# Wouldnt You Know It!!



## ReidRH (Feb 1, 2010)

_*Turkey Season is in full Swing here! So I decided to make good on my promise to get Dallas his first Turkey with the Browning I inherited from my Dad. We went out called in a few but got no shots the past couple of weeks.*_

_*Dallas is 13 and has been around guns and hunting all his life and is normally very good with guns. *_

_*However after our hunt the day before yesterday we had gotten home and was getting our equipment out of the truck while discussing our hunt. The next thing I knew I heard a Big ole THWACK and you will never Guess what hit the Concrete! Yep my Dad's Gun! It turns out that he zipped the Gun Case but didnt zip it all the way! *_

_*Thankfully I had made sure it was unloaded before we got in the truck. But Now it has a Chipped Stock and I am Just Sick over it and So Was He! My delimma is I haven't a clue how to get it fixed or if it can be fixed. The wood Splintered and Shattered about 3/4 inch up from the bottom of the stock tip as well as Cracked the Butt Plate!*_

_*Not Real Sure What to do about it! Any Suggestions?*_


----------



## glenway (Mar 27, 2011)

I have run across a man at the Michigan gun shows that does a superlative job at gunstock repairs. I don't have any information to pass on, but I'll do my best to find him. I examined some of his work and I must tell you, he had to show me where he had made repairs on some sample stocks, because I could not see any defects whatsoever.

Turns out the show is in Lansing this weekend, and if you would like me to pursue this for you, let me know. I don't need much of a reason to attend, so don't feel like you'd be putting me out.


----------



## bones44 (Jan 7, 2011)

That sucks ! I second what Glen said. I go there too and that guy is awesome. Hopefully you get it fixed right.


----------



## glenway (Mar 27, 2011)

ReidRH:

Wonders never cease! I was so impressed with the work of this master, I actually took one of his business cards home from one of the shows and saved it.

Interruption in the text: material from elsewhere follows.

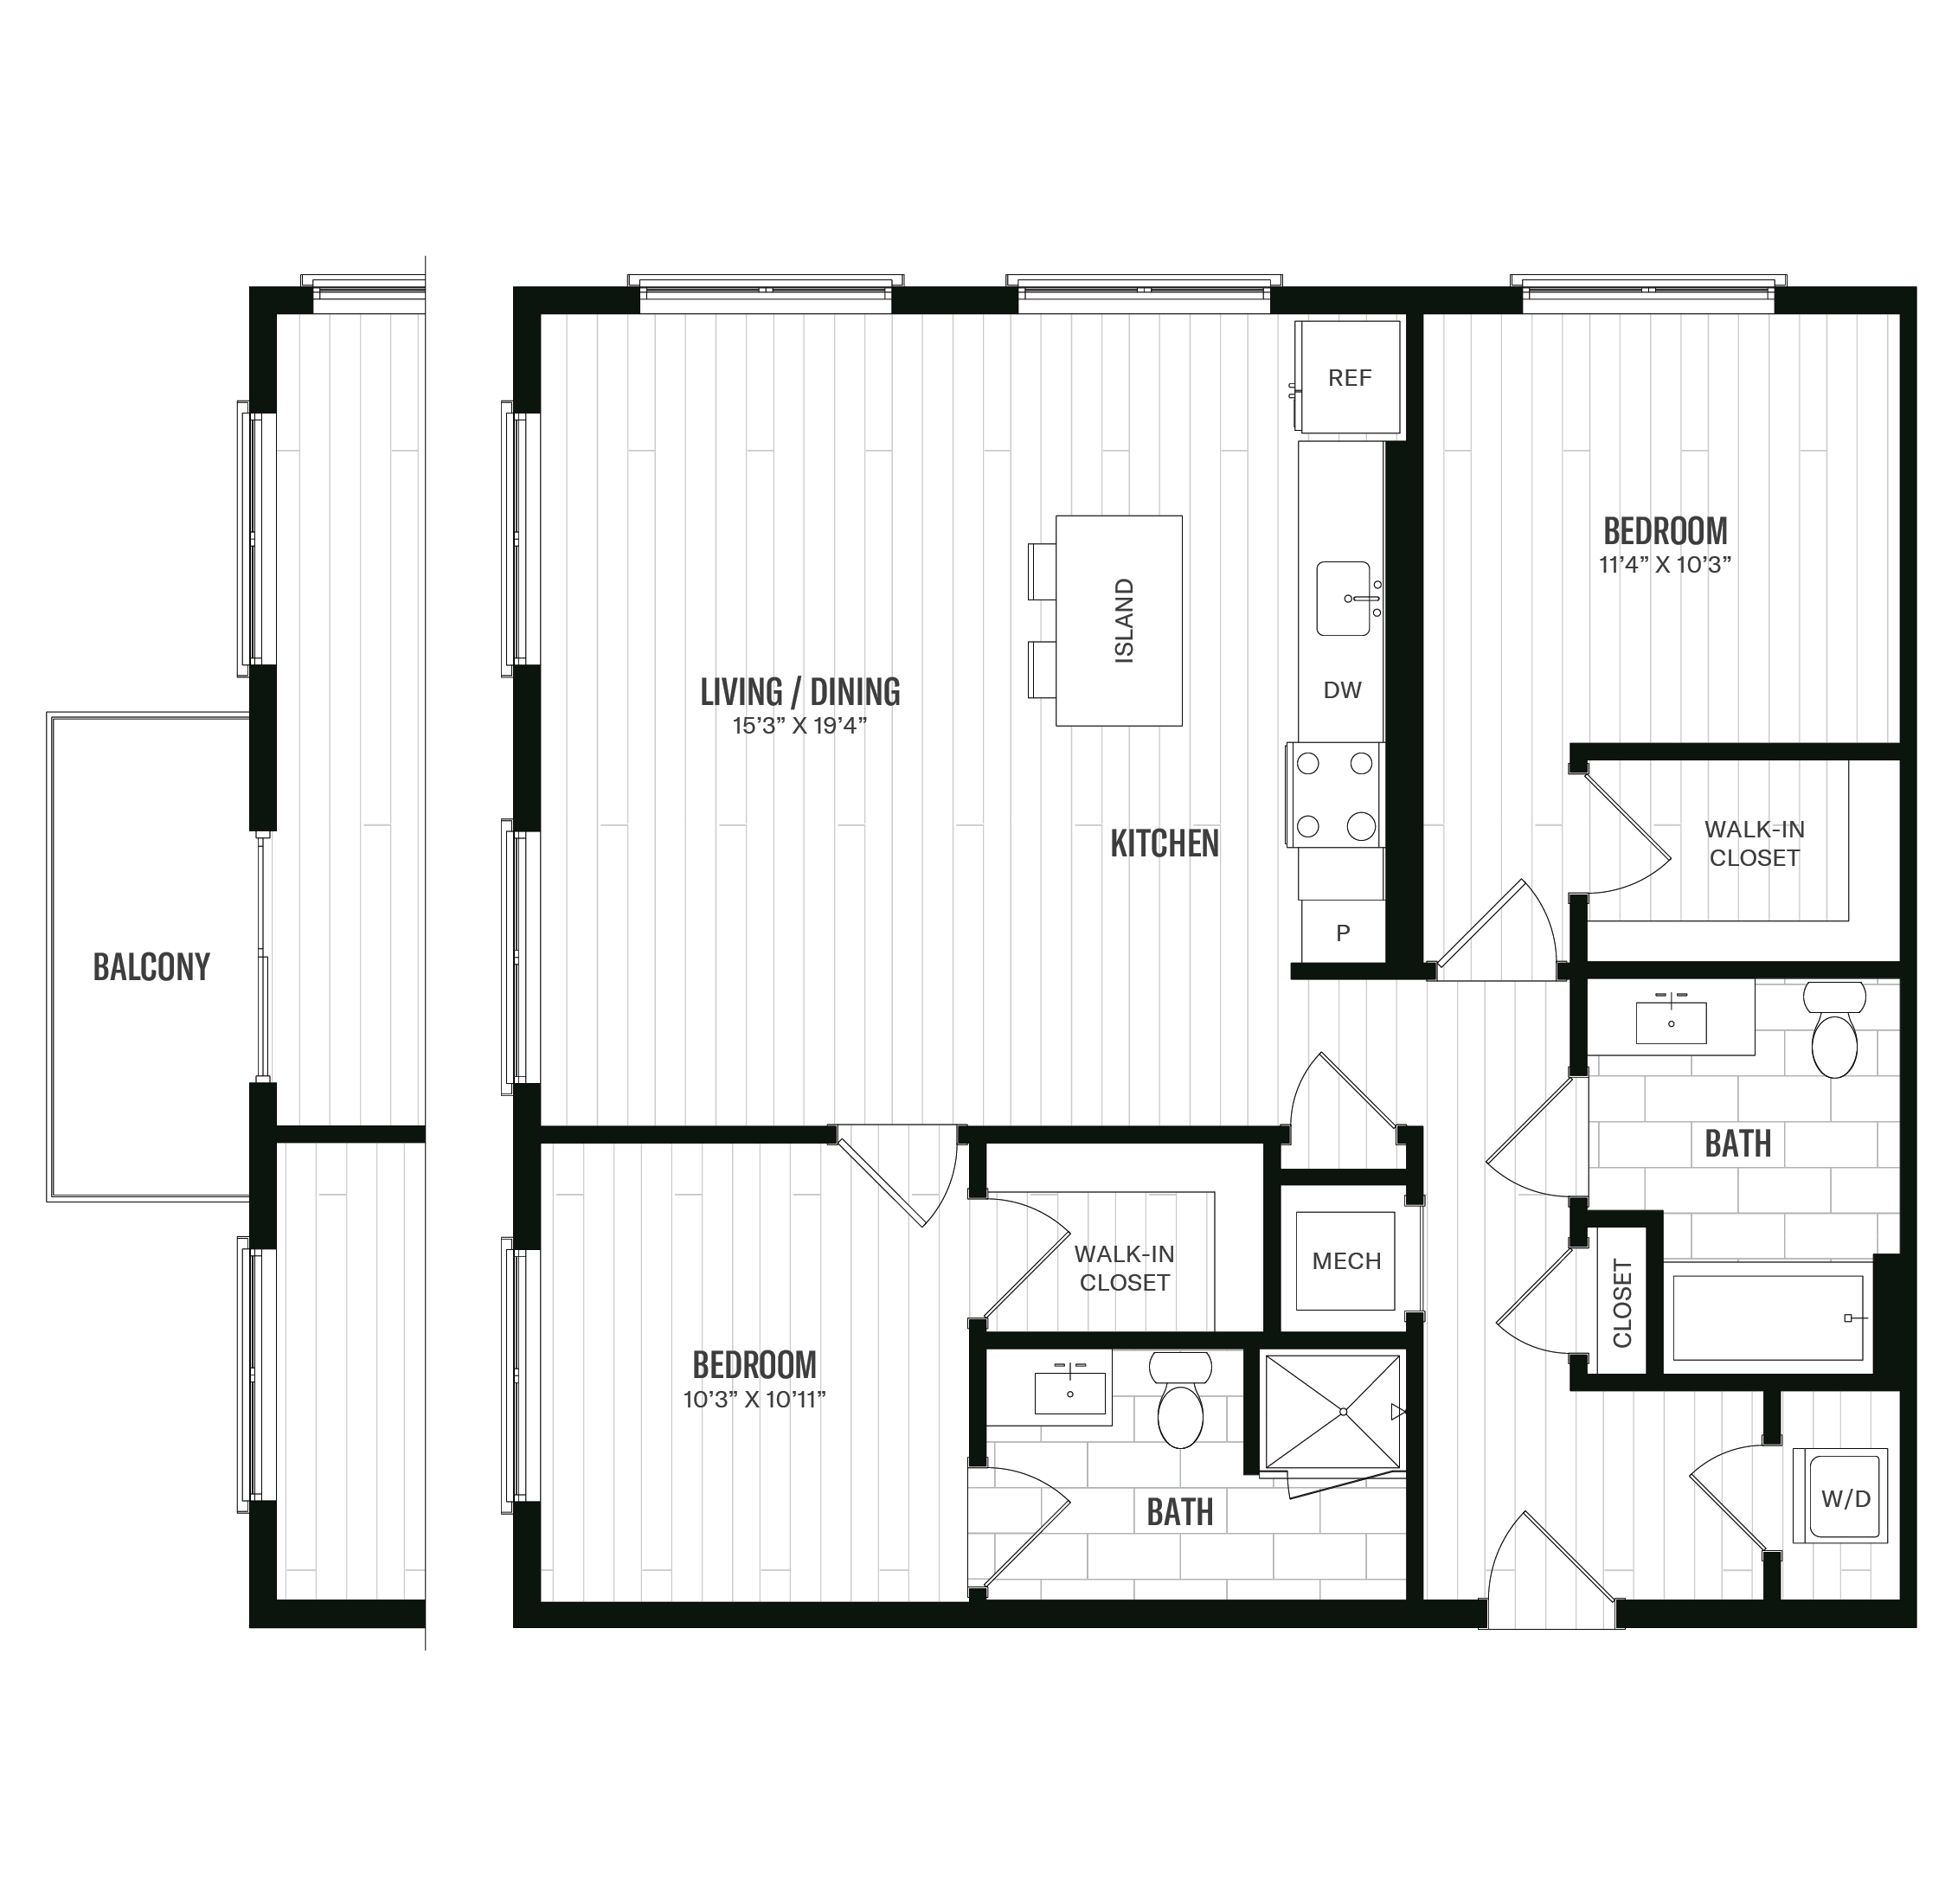 Floorplan image of unit 463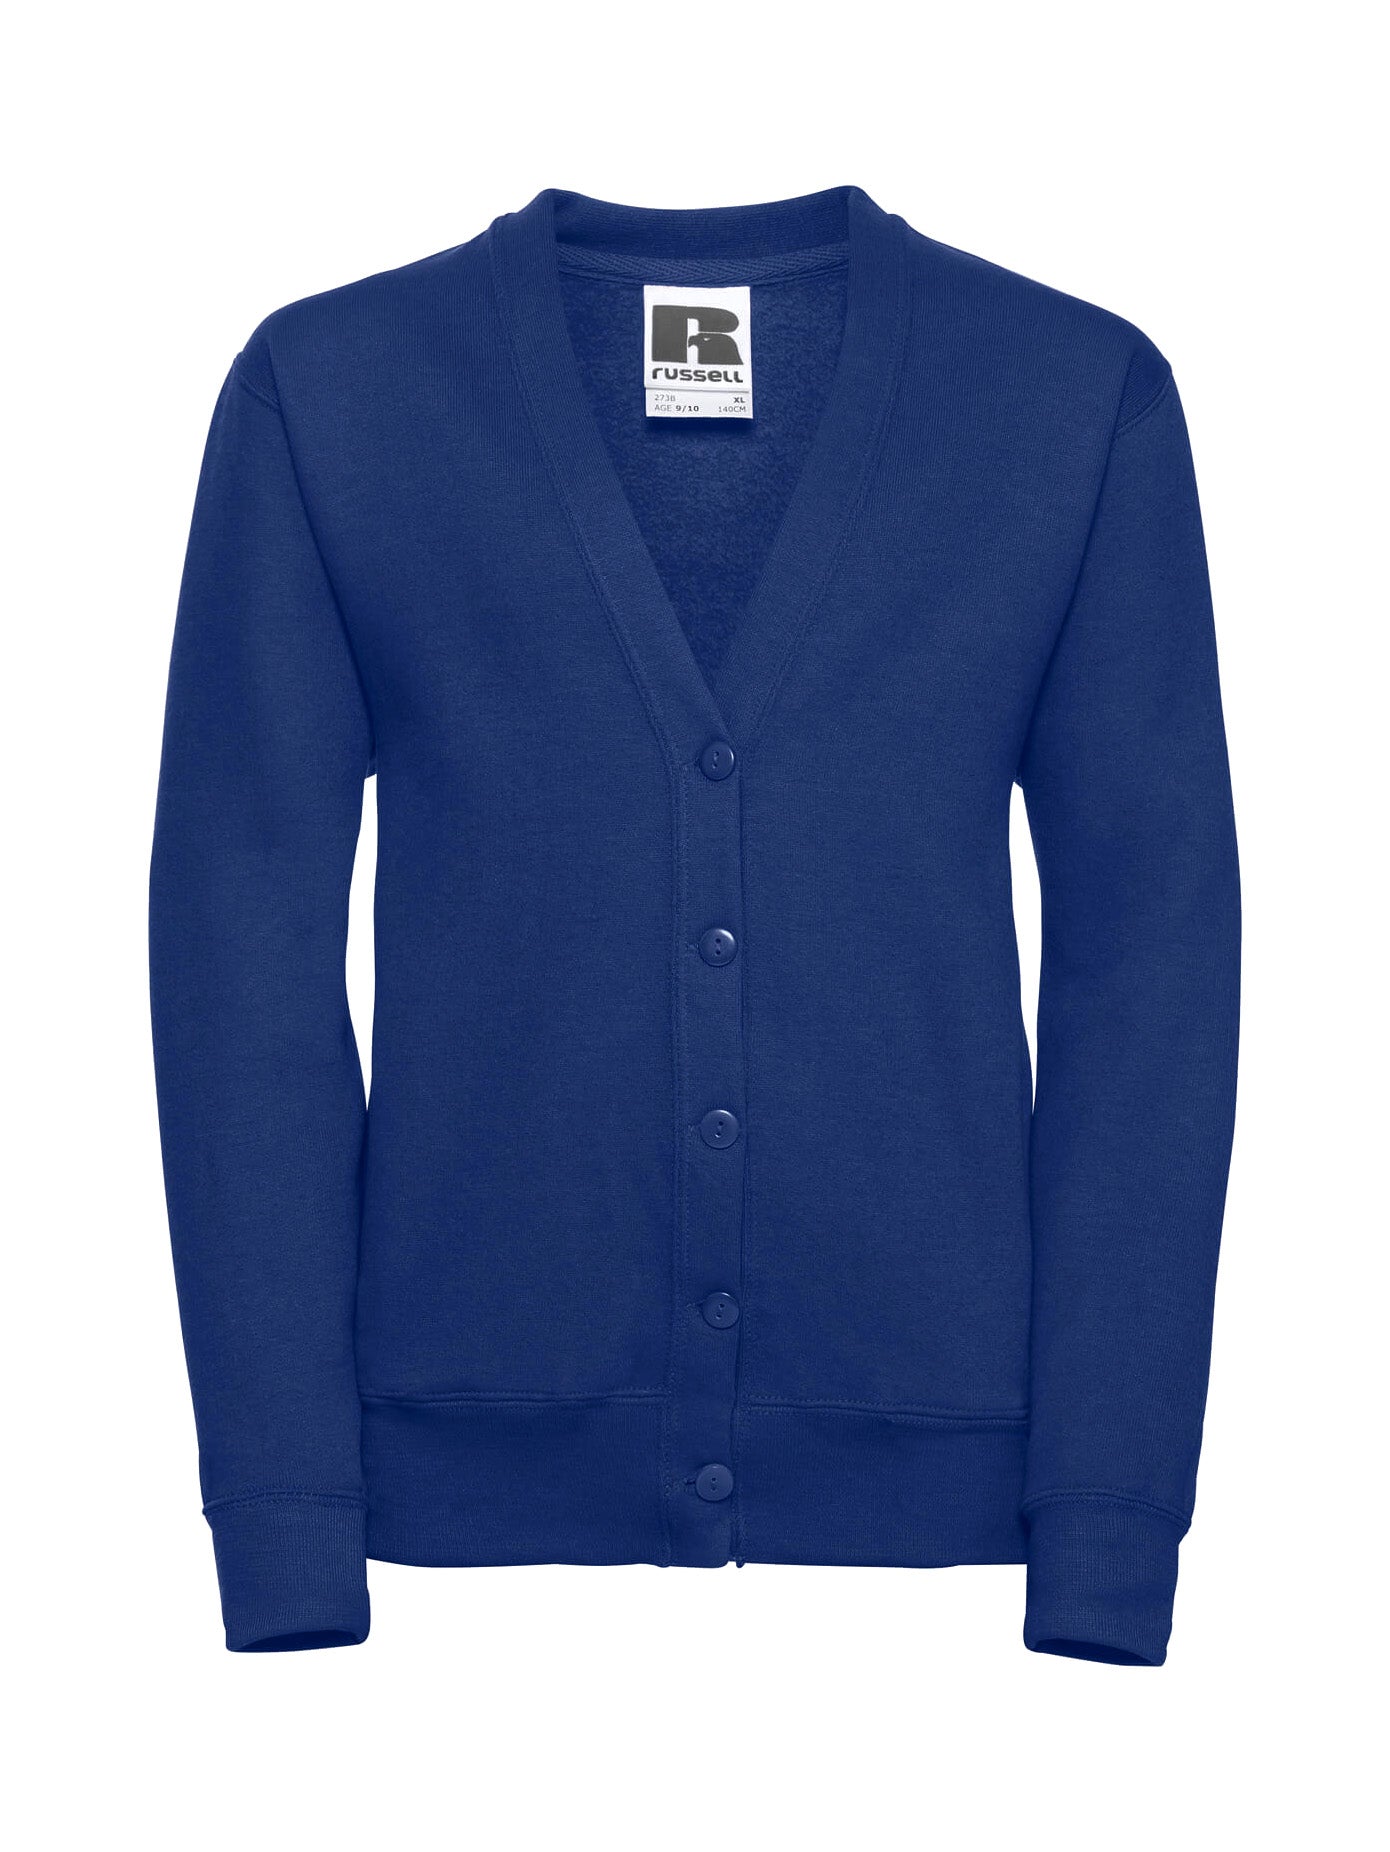 Quilted Sweatshirt Cardigan - Dark blue/planet - Kids

Here is the info:

Edgard M. Baeckelandt
Home phone: glenway has the info

The cards says "Unique Gunstock Refinishing, Specializing in gunstock and wood repairs.

Good luck, friend.

P.S. Just wondering if the Browning is an Auto 5


----------



## ReidRH (Feb 1, 2010)

Thanks Guys!


----------



## youngdon (Mar 10, 2010)

Post some pics of before and after Richard, if you can stand to take the pics.


----------



## MountainCoyotes (Mar 16, 2012)

Buy a new stock or put it up for good, well good luck hope ya get it fix


----------



## bones44 (Jan 7, 2011)

glenway said:


> ReidRH:
> 
> Wonders never cease! I was so impressed with the work of this master, I actually took one of his business cards home from one of the shows and saved it. Here is the info:
> 
> ...


 Glen, I may go tomorrow morning. I only live 5 miles south. I have to go to Meijer down the road from it anyway.


----------



## glenway (Mar 27, 2011)

I already sent the contact information to Richard.


----------



## bones44 (Jan 7, 2011)




----------



## glenway (Mar 27, 2011)

Let us know if the stock magician was at the Lansing show.


----------